Volume no :11, Issue no: 1, March (2014)

WHY IS THE NULL HYPOTHESIS REJECTED FOR "ALMOST EVERY" INFINITE SAMPLE BY SOME HYPOTHESIS TESTING OF MAXIMAL RELIABILITY?

Author's: G. Pantsulaia and M. Kintsurashvili
Pages: [45] - [70]
Received Date: December 24, 2013; Revised February 11, 2014
Submitted by:

Abstract

The notion of a Haar null set introduced by Christensen in 1973 and reintroduced in 1992 in the context of dynamical systems by Hunt, Sauer and Yorke, has been used, in the last two decades, in studying exceptional sets in diverse areas, including analysis, dynamic systems, group theory, and descriptive set theory. In the present paper, the notion of “prevalence” is used in studying the properties of some infinite sample statistics and in explaining why the null hypothesis is sometimes rejected for “almost every” infinite sample by some hypothesis testing of maximal reliability.
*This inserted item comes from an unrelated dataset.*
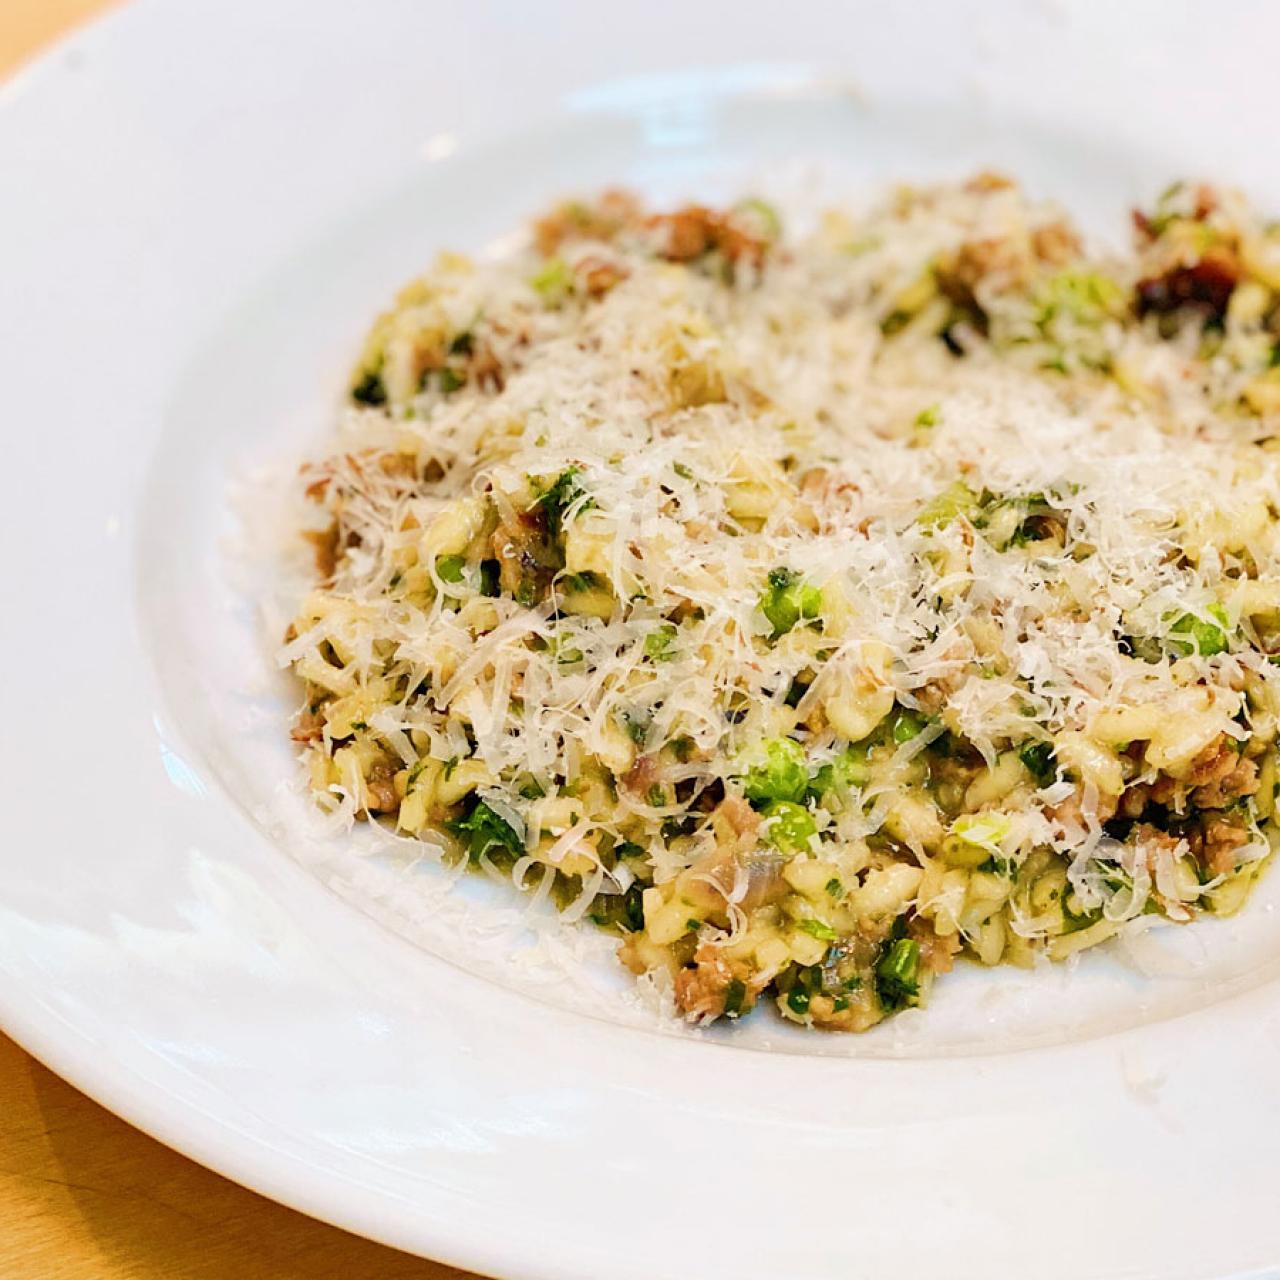 https://food.fnr.sndimg.com/content/dam/images/food/fullset/2020/04/30/Day-43_Risotto-with-Ground-Meat-and-Veg_s4x3.jpg.rend.hgtvcom.1280.1280.suffix/1588254755527.jpeg

To confirm that the conjectures of Jum Nunnally [17] and Jacob Cohen [5] fail for infinite samples, examples of the so called objective and strong objective infinite sample well-founded estimate of a useful signal in the linear one-dimensional stochastic model are constructed.

Keywords

a linear one-dimensional stochastic model, null hypothesis, an objective infinite sample well-founded estimate, shy set, prevalence.